** DATASET CONTENT **

---*---

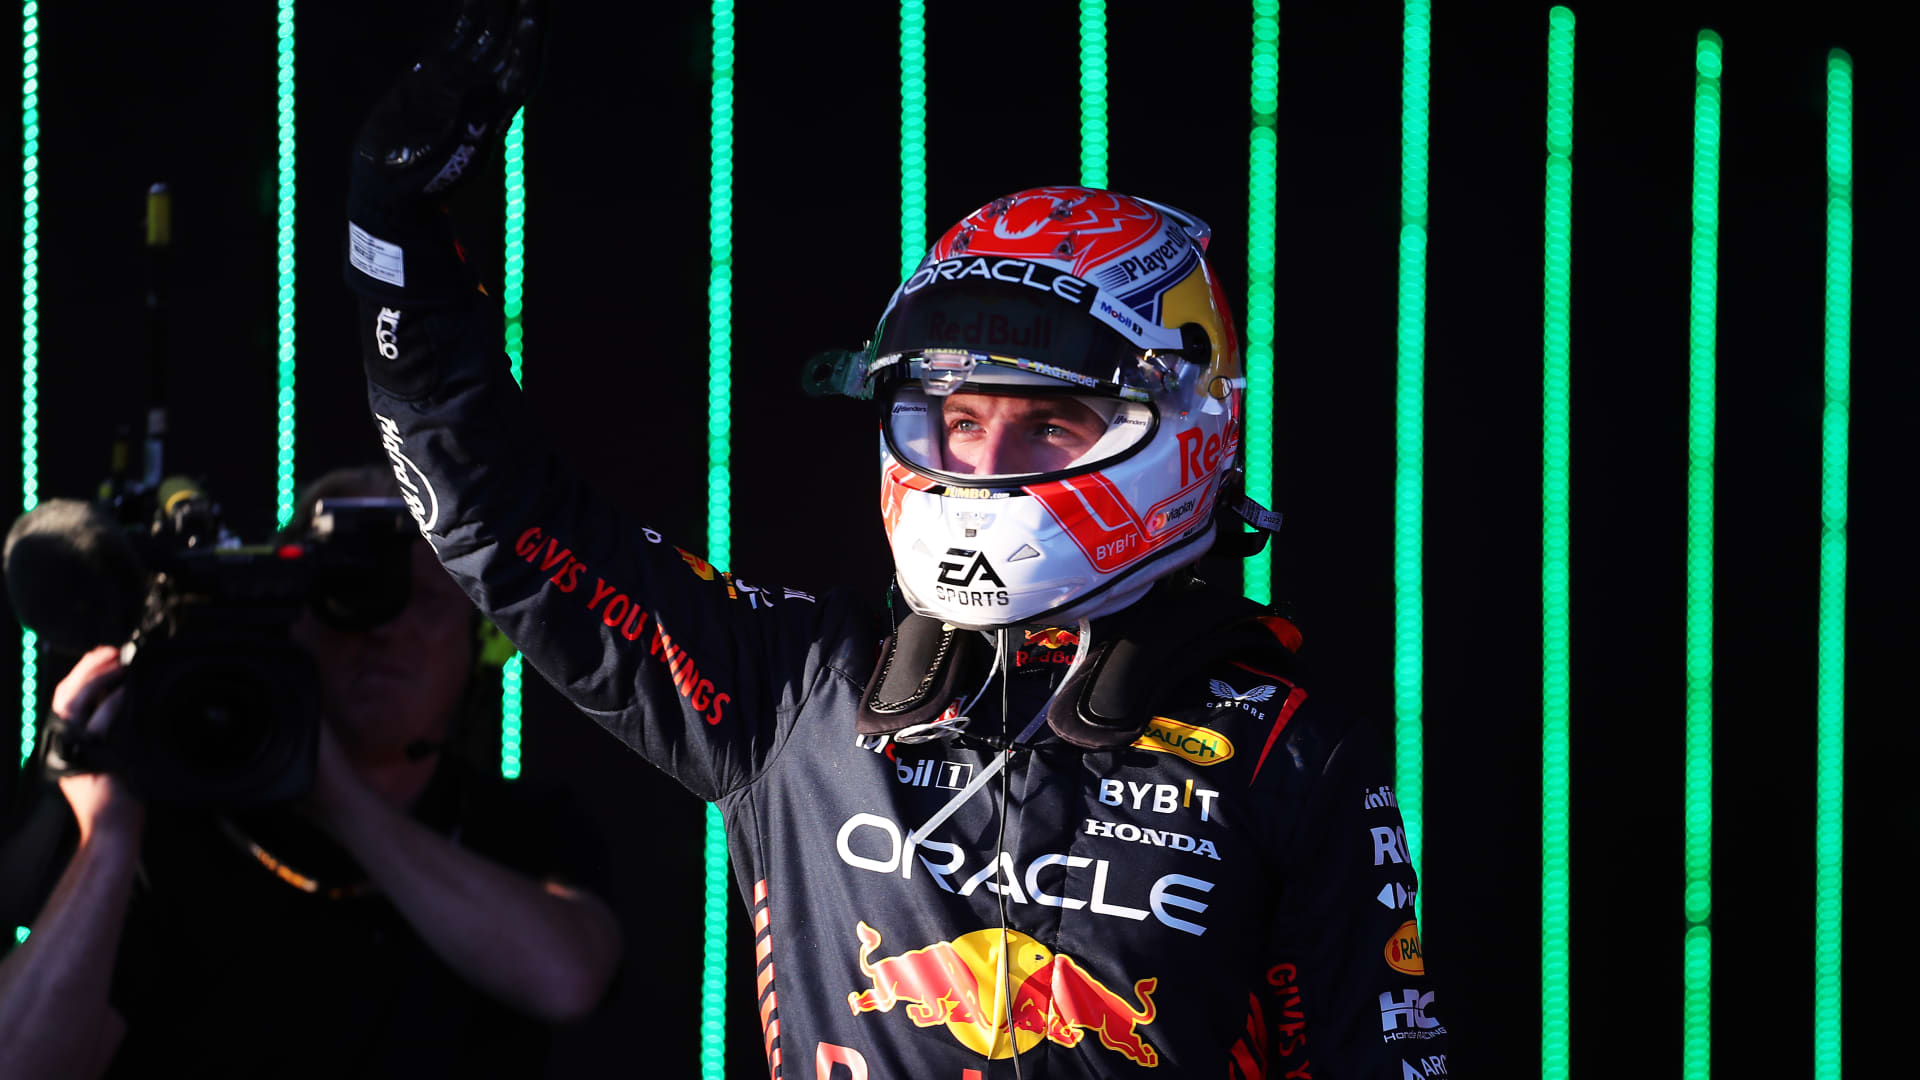 Photo of Australian GP: Max Verstappen holds off Lewis Hamilton for victory after wild finish to chaotic race
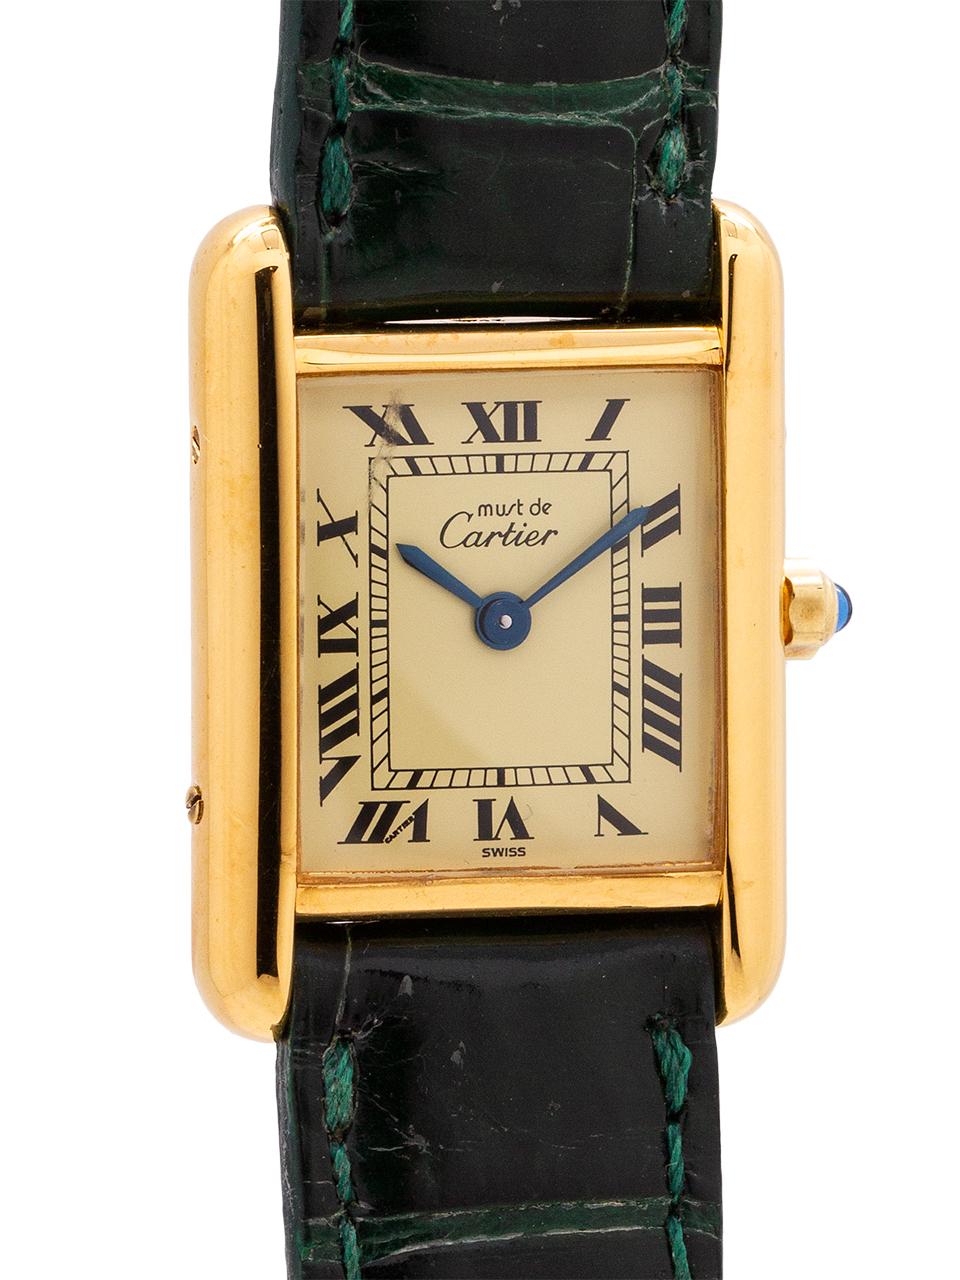 
Cartier Lady’s Tank Louis circa 1990s. Featuring 20 x 28mm vermeil (20 microns gold over silver) case secured by 4 side and 4 case back screws. Featuring classic cream color dial signed Must de Cartier with printed black Roman numerals and blued
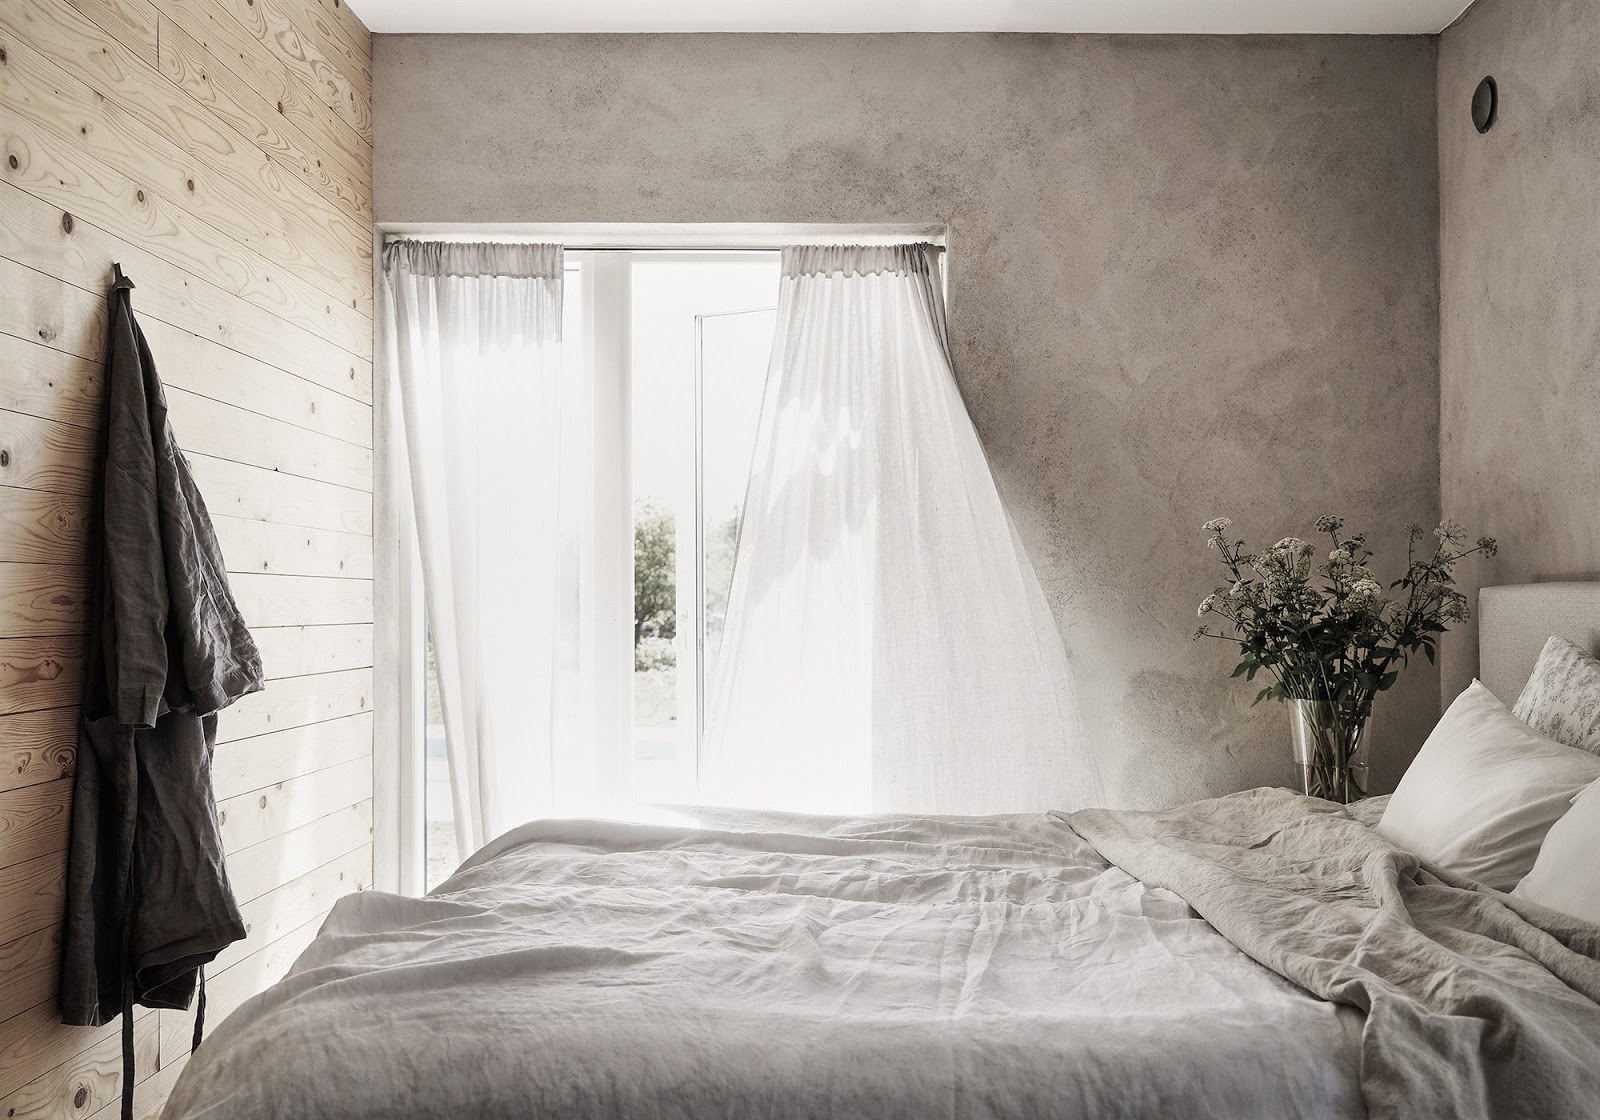 The master bedroom is decorated with concrete, fabrics give texture to the decor
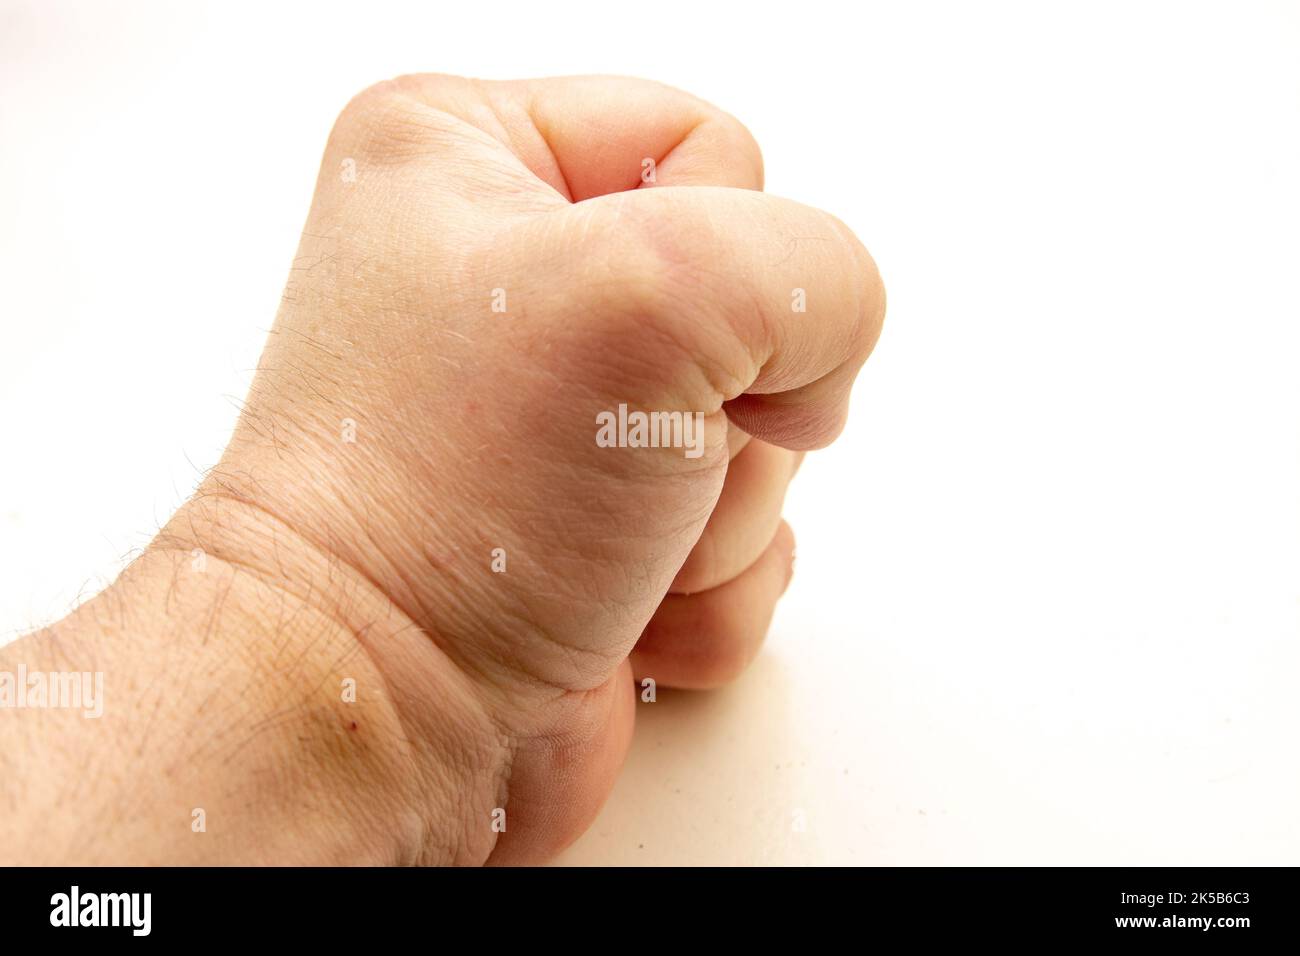 A fist of a person banging on a table Stock Photo

---*---

** ABOUT THIS TASK **
Output the line containing "The master bedroom" along with every line after it to the end of the material, exactly as written, but without pictures.

** RESULT OF THE EXERCISE **
 The master bedroom is decorated with concrete, fabrics give texture to the decor
 A fist of a person banging on a table Stock Photo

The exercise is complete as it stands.